Supplied information:
- Opening Delimiter -
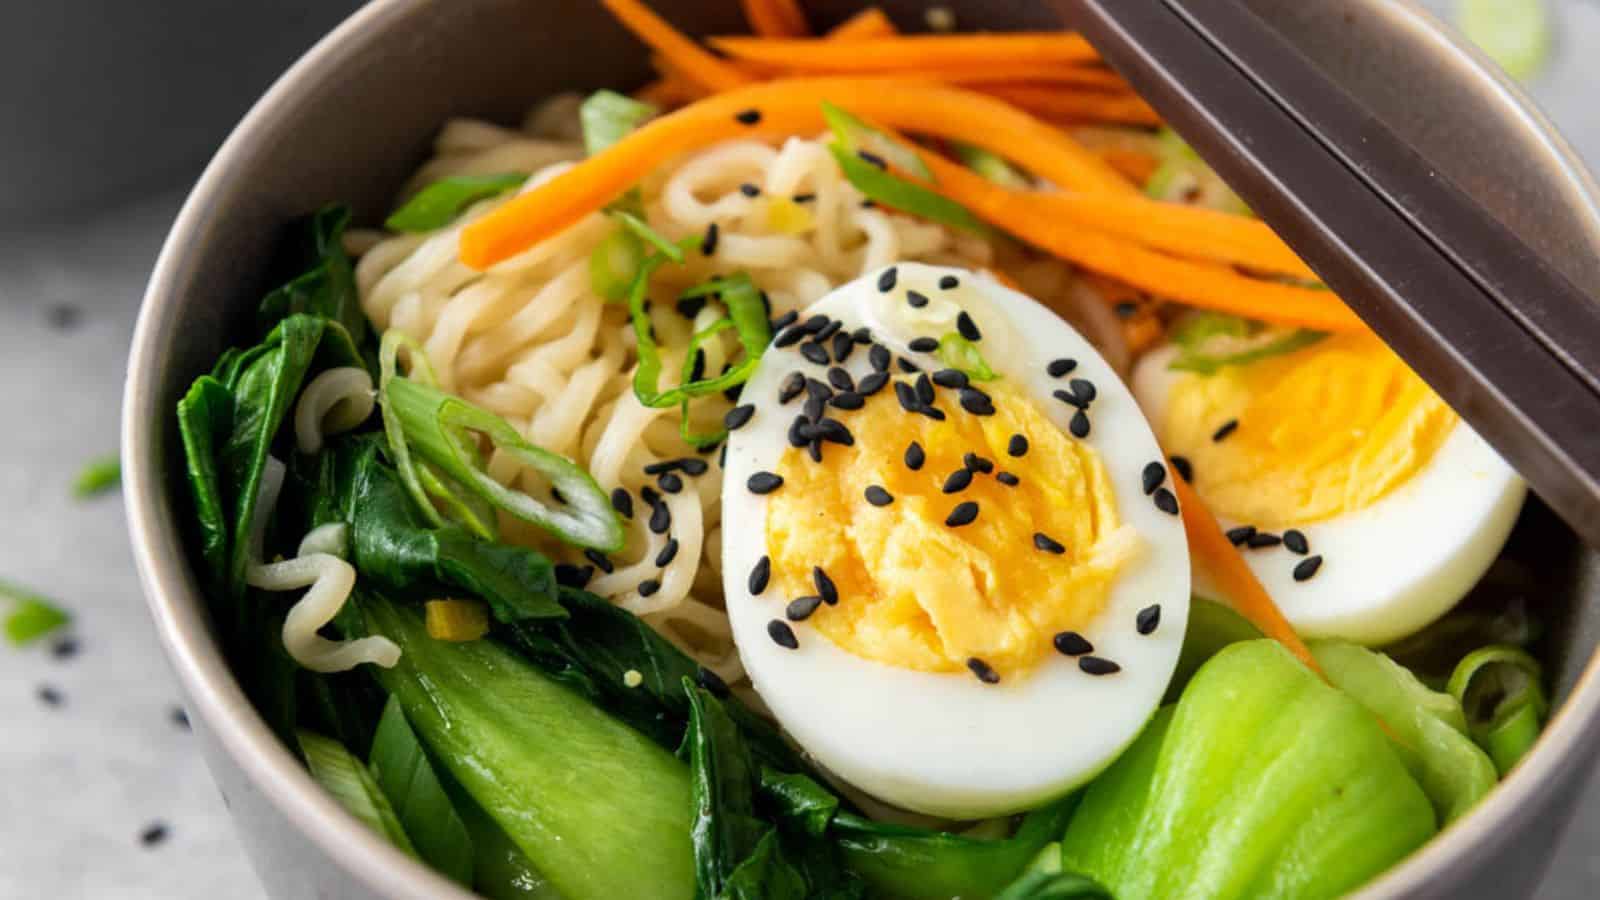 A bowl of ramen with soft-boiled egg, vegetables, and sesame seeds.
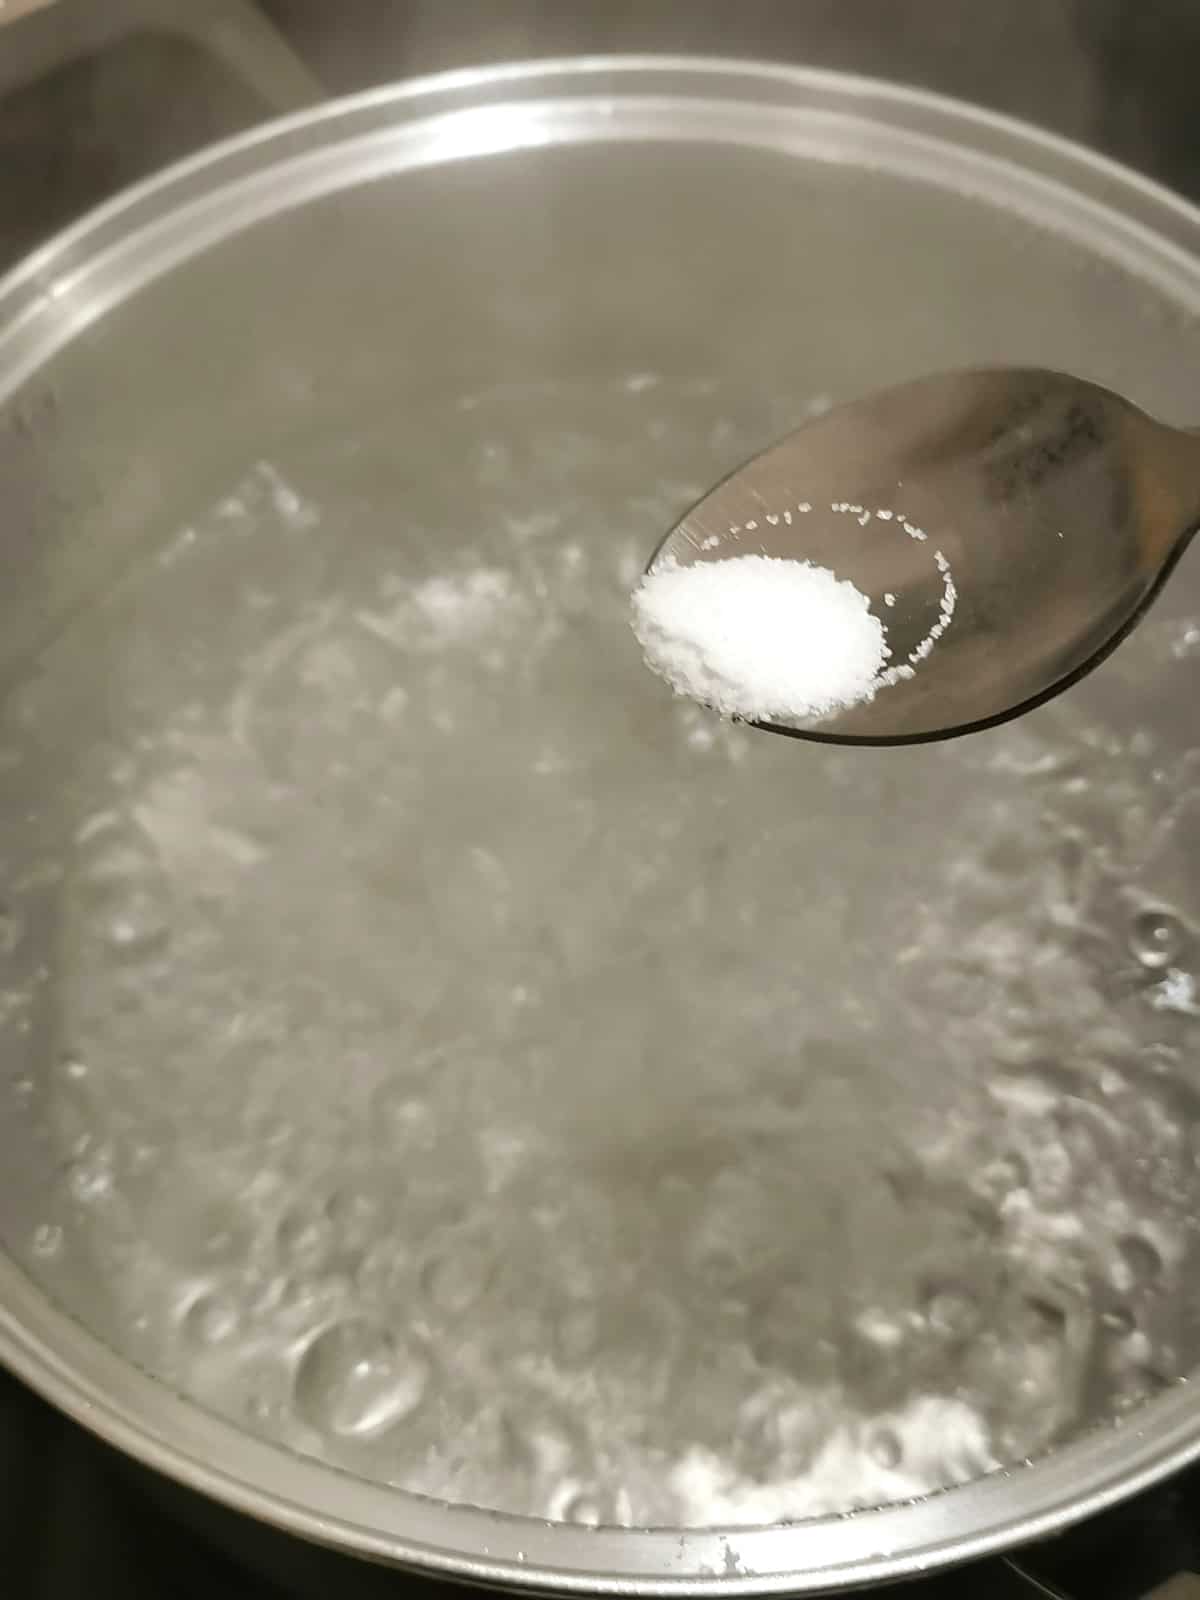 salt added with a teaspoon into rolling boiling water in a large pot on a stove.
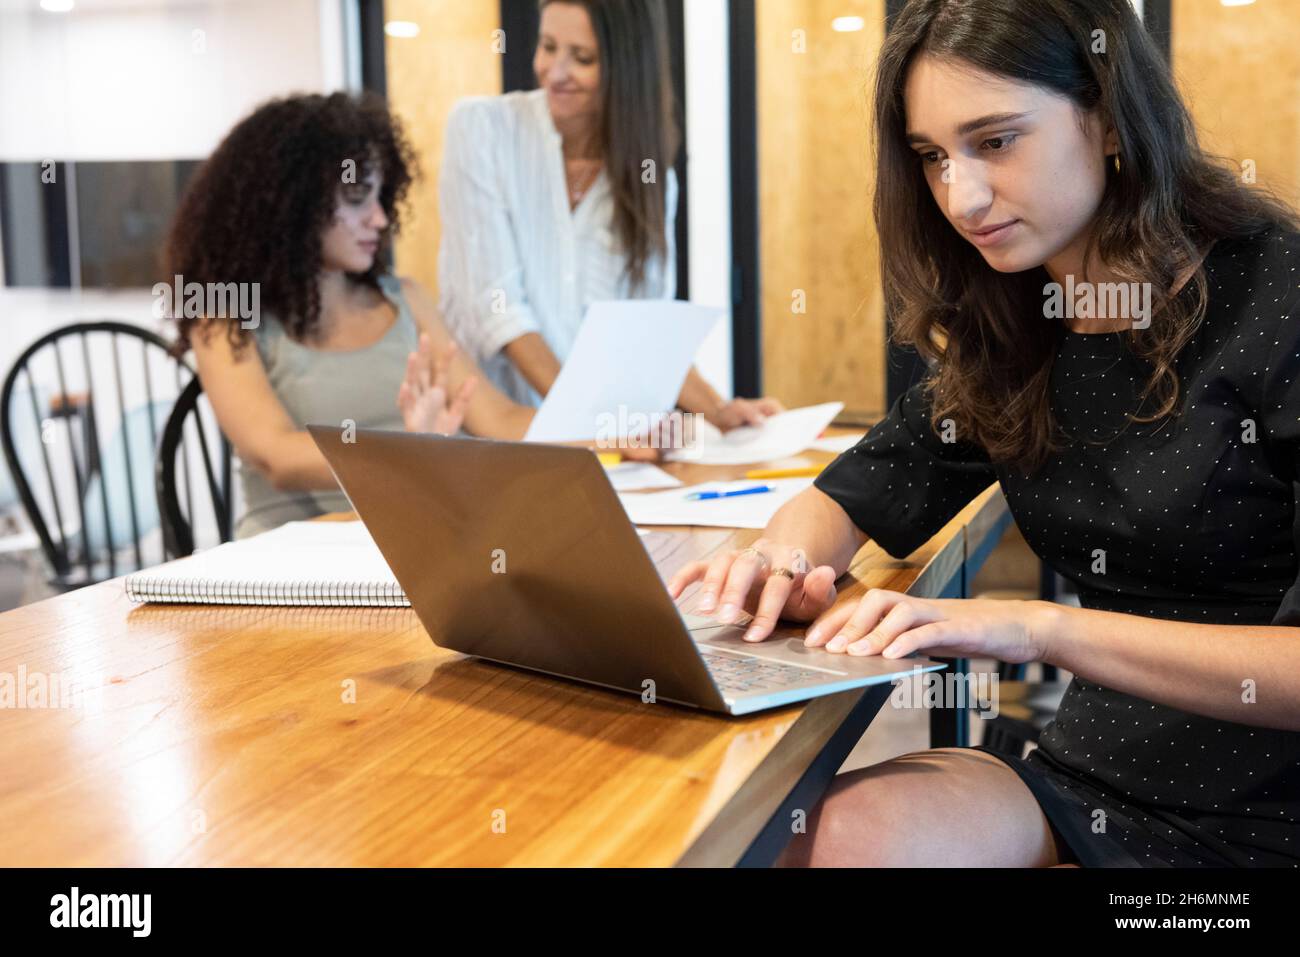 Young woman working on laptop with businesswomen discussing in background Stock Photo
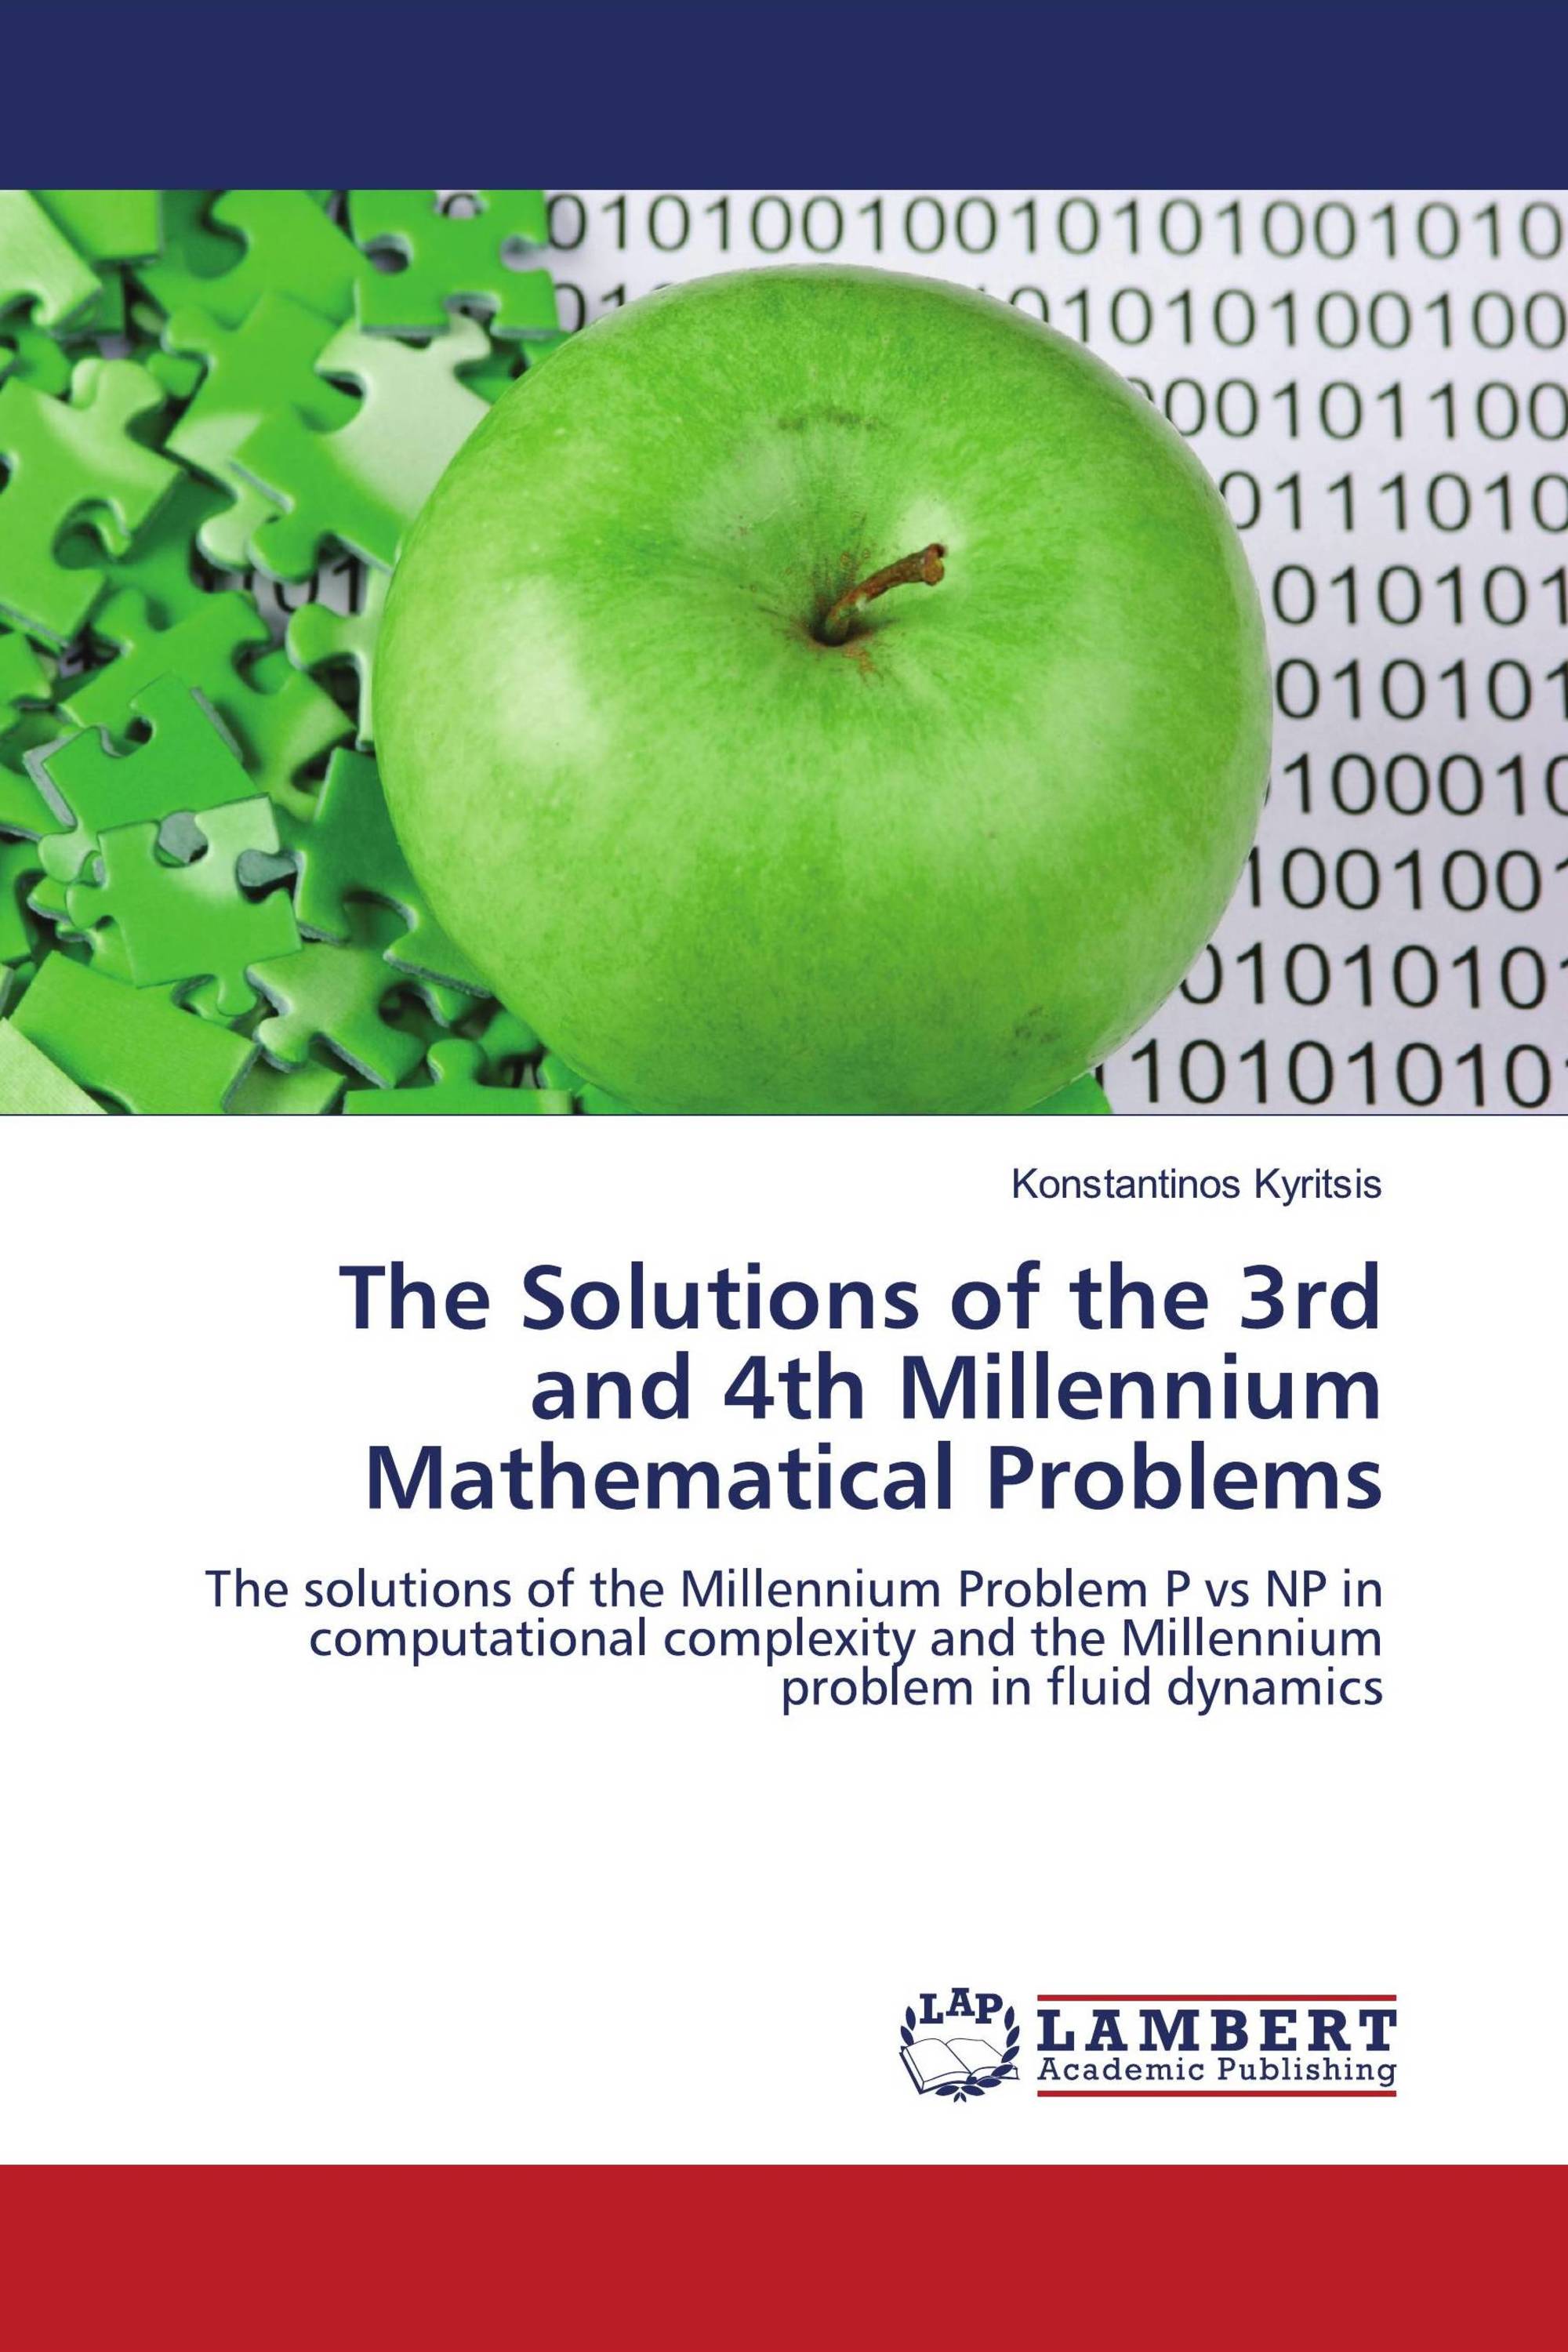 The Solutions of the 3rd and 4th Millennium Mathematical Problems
- Closing Delimiter -
Instructions to follow: Return each line from the material above exactly, but not the pictures.

Exercise output:
 A bowl of ramen with soft-boiled egg, vegetables, and sesame seeds.
 salt added with a teaspoon into rolling boiling water in a large pot on a stove.
 Young woman working on laptop with businesswomen discussing in background Stock Photo
 The Solutions of the 3rd and 4th Millennium Mathematical Problems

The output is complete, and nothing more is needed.